Implementing the SymbolicTypeTrait
for a type
The SymbolicTypeTrait
is used to identify values that can act as symbolic variables. It has three variants:
NotSymbolic
for quantities that are not symbolic. This is the default for all types.ScalarSymbolic
for quantities that are symbolic, and represent a single logical value.ArraySymbolic
for quantities that are symbolic, and represent an array of values. Types implementing this trait must return an array ofScalarSymbolic
variables of the appropriate size and dimensions whencollect
ed.
The trait is implemented through the symbolic_type
function. Consider the following example types:
struct MySym
name::Symbol
end
struct MySymArr{N}
name::Symbol
size::NTuple{N,Int}
end
They must implement the following functions:
SymbolicIndexingInterface.symbolic_type(::Type{MySym}) = ScalarSymbolic()
SymbolicIndexingInterface.hasname(::MySym) = true
SymbolicIndexingInterface.getname(sym::MySym) = sym.name
SymbolicIndexingInterface.symbolic_type(::Type{<:MySymArr}) = ArraySymbolic()
SymbolicIndexingInterface.hasname(::MySymArr) = true
SymbolicIndexingInterface.getname(sym::MySymArr) = sym.name
function Base.collect(sym::MySymArr)
[
MySym(Symbol(sym.name, :_, join(idxs, "_")))
for idxs in Iterators.product(Base.OneTo.(sym.size)...)
]
end
hasname
is not required to always be true
for symbolic types. For example, Symbolics.Num
returns false
whenever the wrapped value is a number, or an expression.

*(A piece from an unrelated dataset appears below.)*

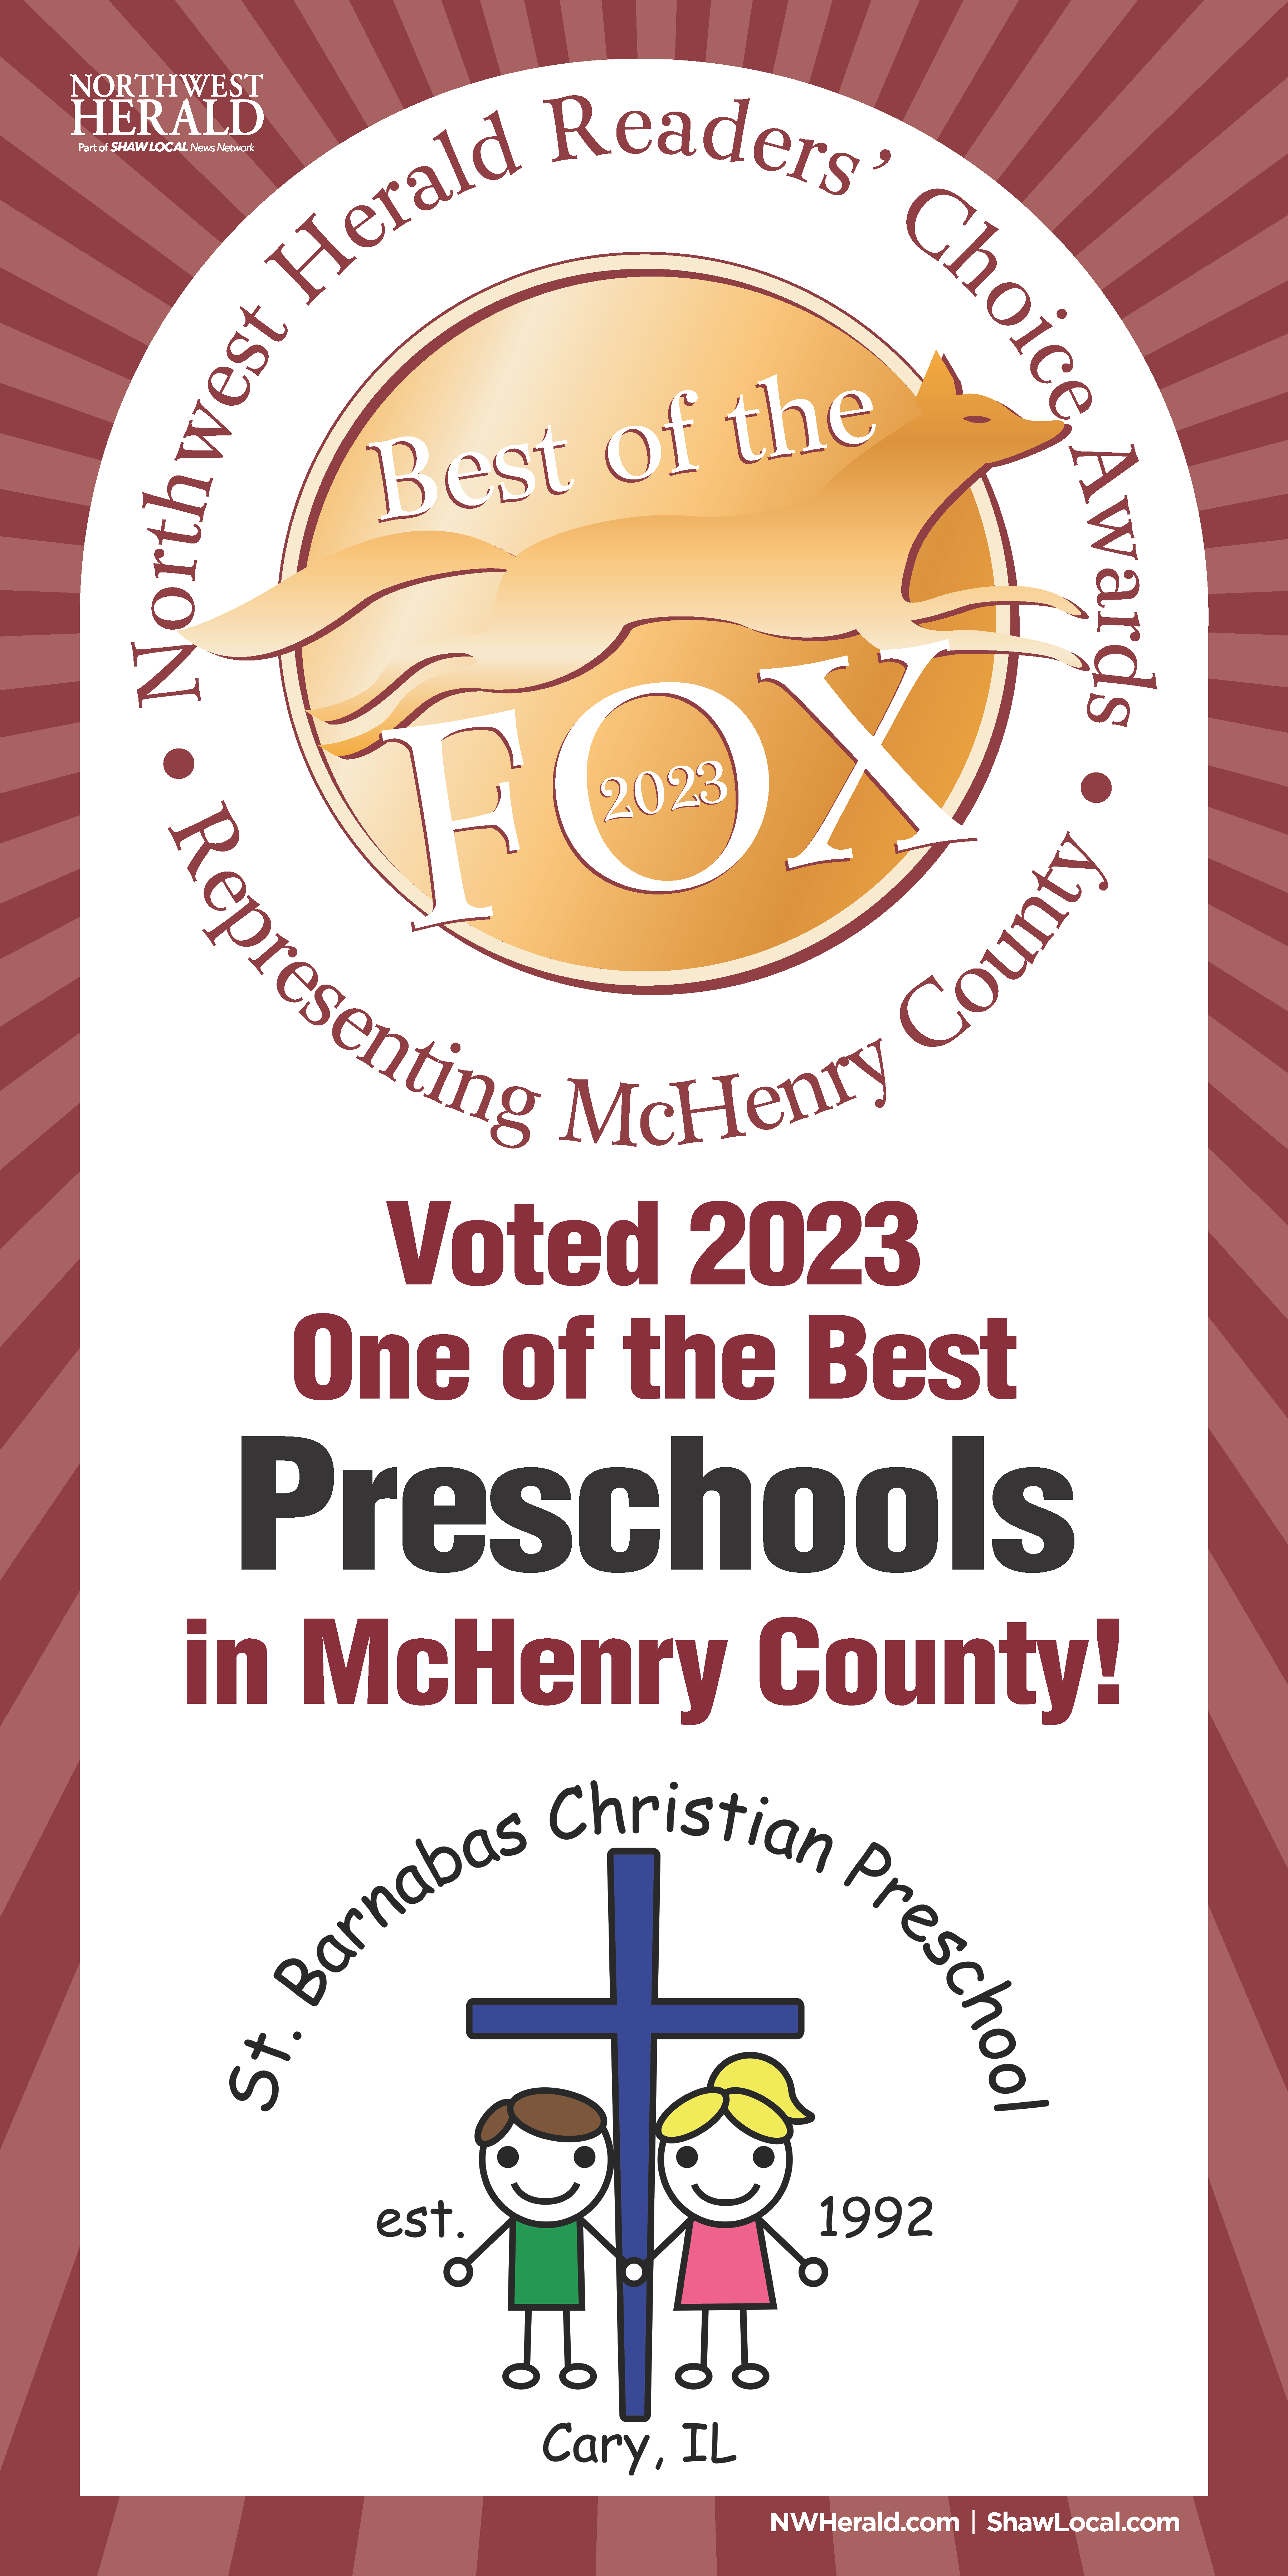 A graphic of the best of the fox 2023 award featuring St. Barnabas Christian Preschool

Introducing a type to represent expression trees:
struct MyExpr
op::Function
args::Vector{Union{MyExpr, MySym, MySymArr, Number, Array}}
end
symbolic_evaluate
can be implemented as follows:
function symbolic_evaluate(expr::Union{MySym, MySymArr}, syms::Dict)
get(syms, expr, expr)
end
function symbolic_evaluate(expr::MyExpr, syms::Dict)
for i in eachindex(expr.args)
if expr.args[i] isa Union{MySym, MySymArr, MyExpr}
expr.args[i] = symbolic_evaluate(expr.args[i], syms)
end
end
if all(x -> symbolic_type(x) === NotSymbolic(), expr.args)
return expr.op(expr.args...)
end
end
Note the evaluation of the operation if all of the arguments are not symbolic. This is required since symbolic_evaluate
must return an evaluated value if all symbolic variables are substituted.